Under Labour, UK steel production and employment in the industry halved.
Yes, if you compare 1997 to 2010, when the economy was in a slump. Production has been, broadly, in decline for decades.
"Under Labour, steel production halved. Under Labour, employment in steel halved. Since I have been Prime Minister, steel production has gone up and steel employment has stayed the same. So before we get a self-righteous lecture from Labour, I would say to them, "Look at your own record!"
David Cameron, 22 October 2015
Last week we took a look at a number of claims about the steel industry that appeared in Prime Minister's Questions.

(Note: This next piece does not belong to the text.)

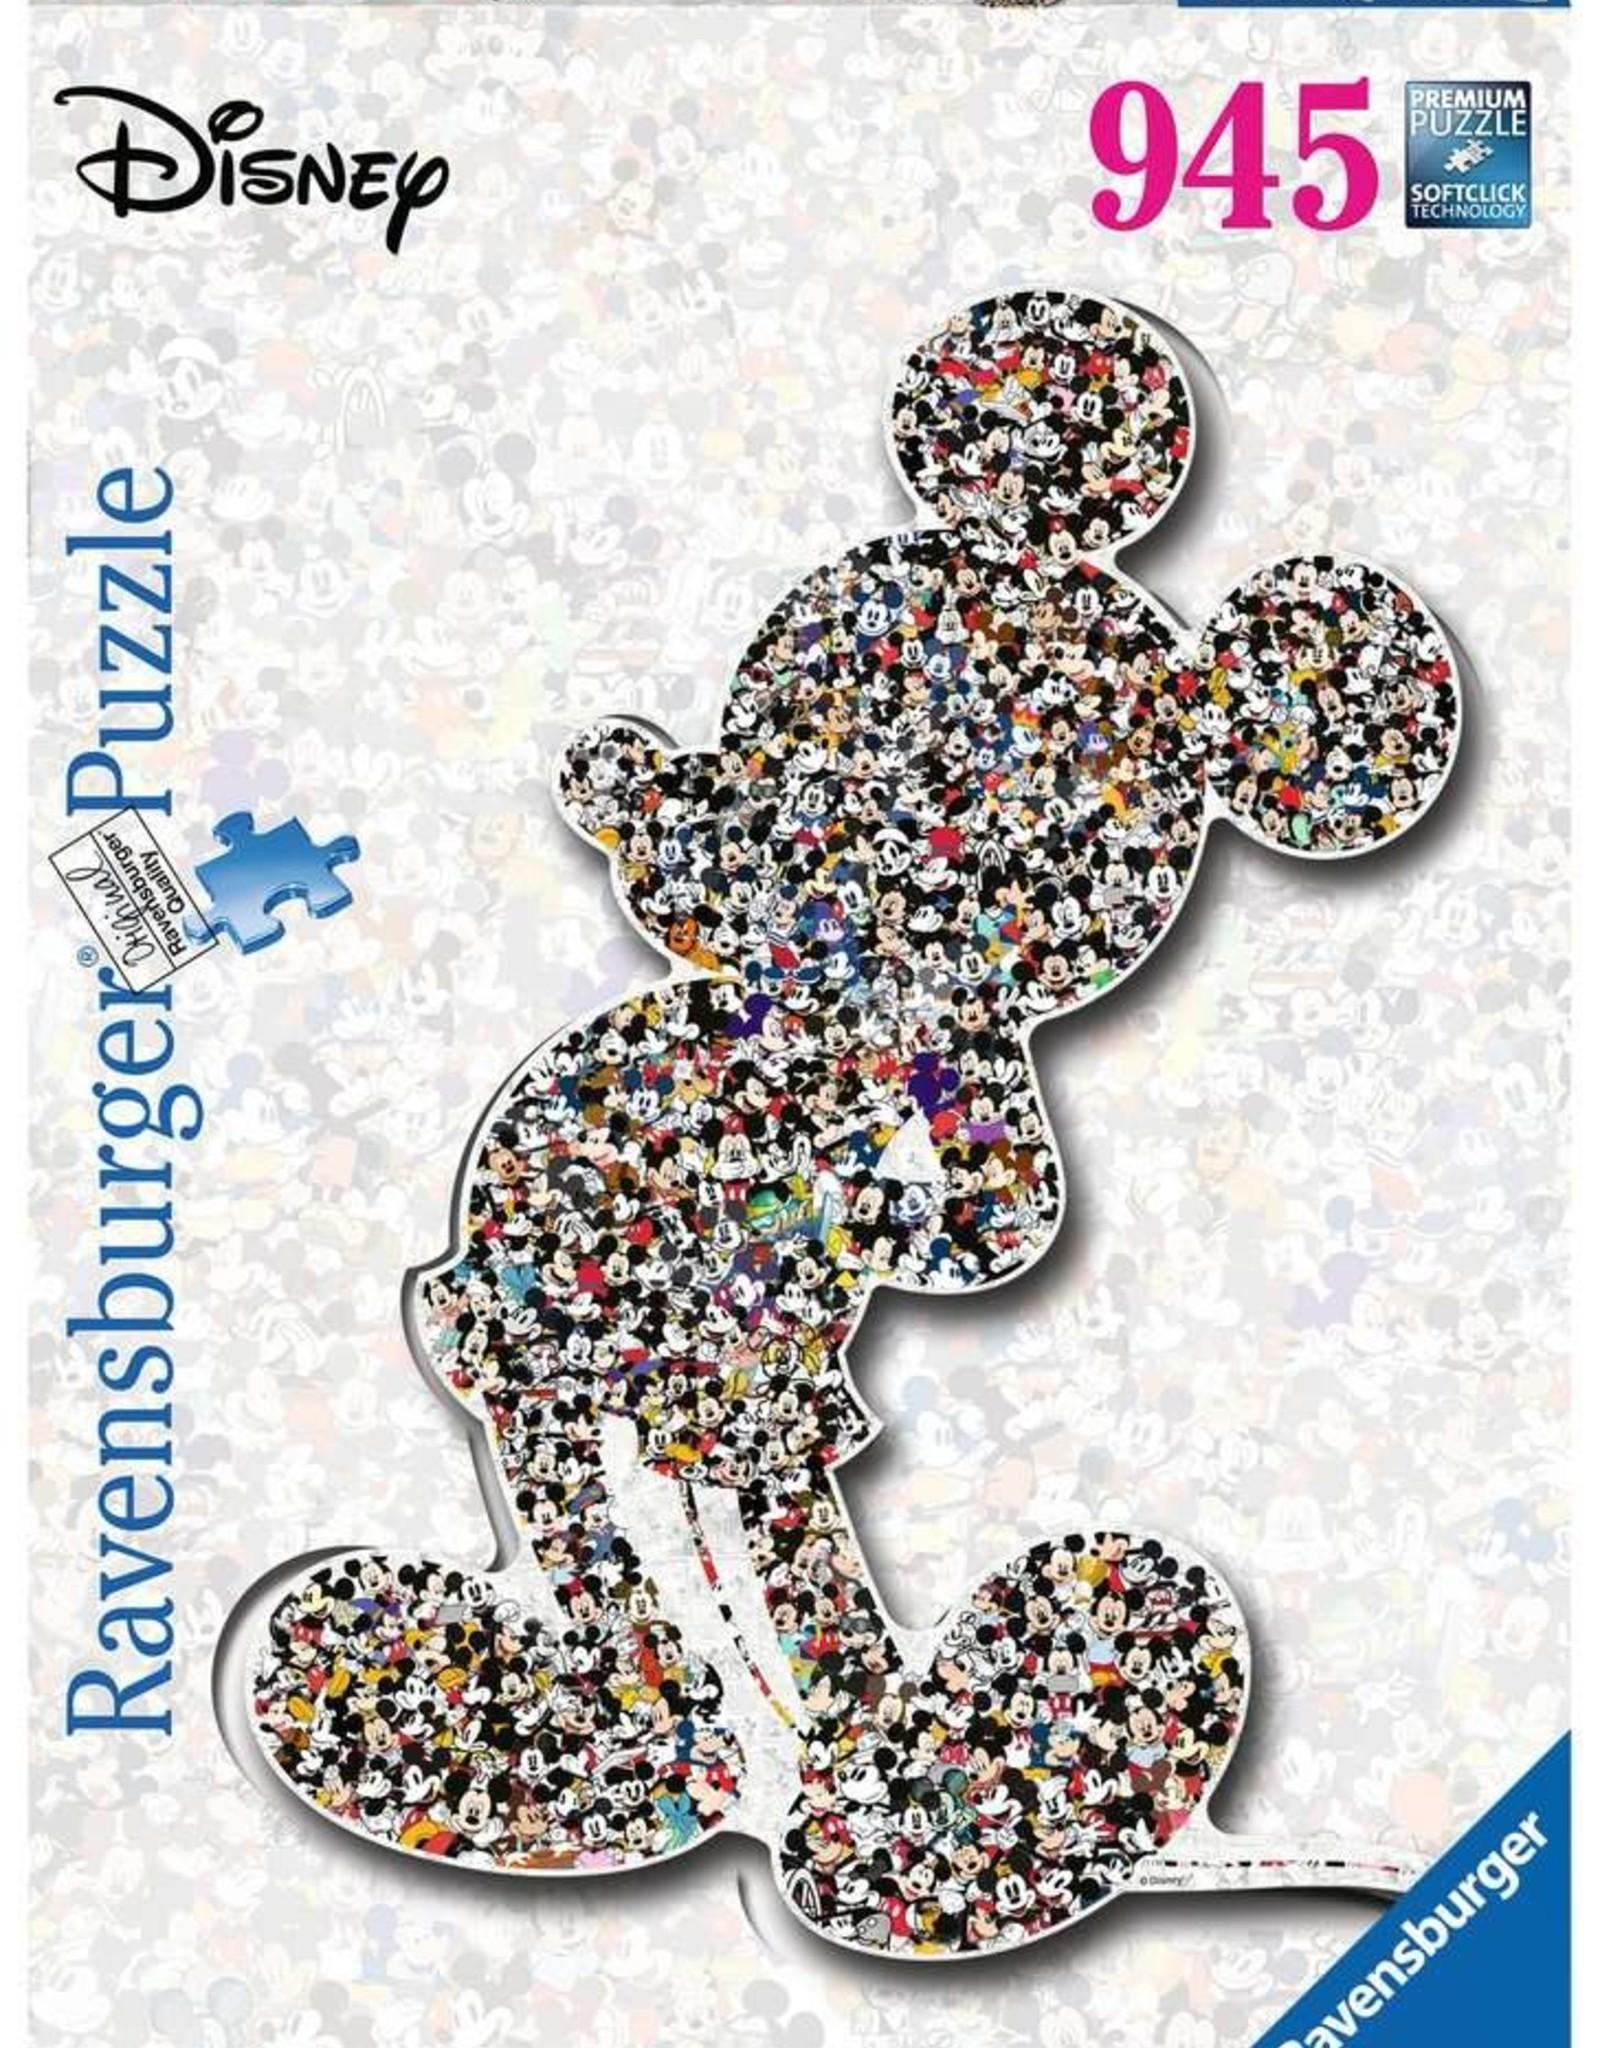 Ravensburger Shaped Mickey (945pc)

We were able to verify the figures the Prime Minister used, but didn't have the time or space to go into the issue as fully as we'd have liked. And we didn't have access to the exact numbers used. We've now been provided with them by the International Steel Statistics
They show that steel production and employment in the sector almost halved under the last Labour government. That's if you compare 1997 to 2010, when the sector and the wider economy were in a bit of a slump. Production has increased since then as the Prime Minister says, but neither output nor employment has recovered to 2008 levels.
These trends might not be that relevant to the current problems in the industry, which seem to be at least in part due to a rise in steel exports from China.
Production and employment in the steel industry has been in decline for decades
In 1997 the UK produced 18.3 million tonnes of crude steel, according to the ISSB, and 18.5 million tonnes according to trade body UK Steel. Both bodies agree that by 2010 the figure had fallen to 9.7 million tonnes. So it very nearly halved.
Production has been up and down since the ISSB's figures begin in 1972, but the broad trend has been downwards throughout the period.
In 2010 the industry was in the midst of a slump, which coincided with the recent recession. Production was at about 10 million tonnes or just under in each of the four years from 2009 to 2012, before rising again. It reached 12 million tonnes in 2014.
Employment in the industry fell from 35,000 in 1997 to 19,000 in 2010, according to the ISSB. That's not quite a halving. By 2014 it had fallen to 18,000.
All this pales in comparison to employment a couple of decades beforehand—the ISSB says over 200,000 people were employed by the industry in 1972.
These figures don't include every worker in the steel industry. It doesn't count employees of foundries, for example, or companies that only make steel tubes. The ISSB told us that despite this the figures cover the "vast majority" of employees.
Higher production costs and Chinese 'dumping' may be some of the causes of the current problems in the industry
Looking at it in the long term, the steel industry's decline can be seen as part of the wider changes to the UK economy which have seen manufacturing's share of the economy fall, as the service sector accounts for more employment and output.
The House of Commons Library has gone into some of the problems faced by the UK steel industry more recently. The cost of labour and energy prices is higher for British producers than many of their global competitors.
And weaker economic growth in China and other economies means demand for steel there hasn't kept pace with growth in supply. China has responded by exporting its excess steel, which has pushed international prices down.
UK Steel says there's been an "unprecedented" increase in the amount of concrete reinforcing bars (rebar) being brought in from China. The European Commission has recently imposed a number of duties on metal products being 'dumped' by China on European markets—'dumping' in this sense involves exporting a product to the EU at prices lower than its normal value.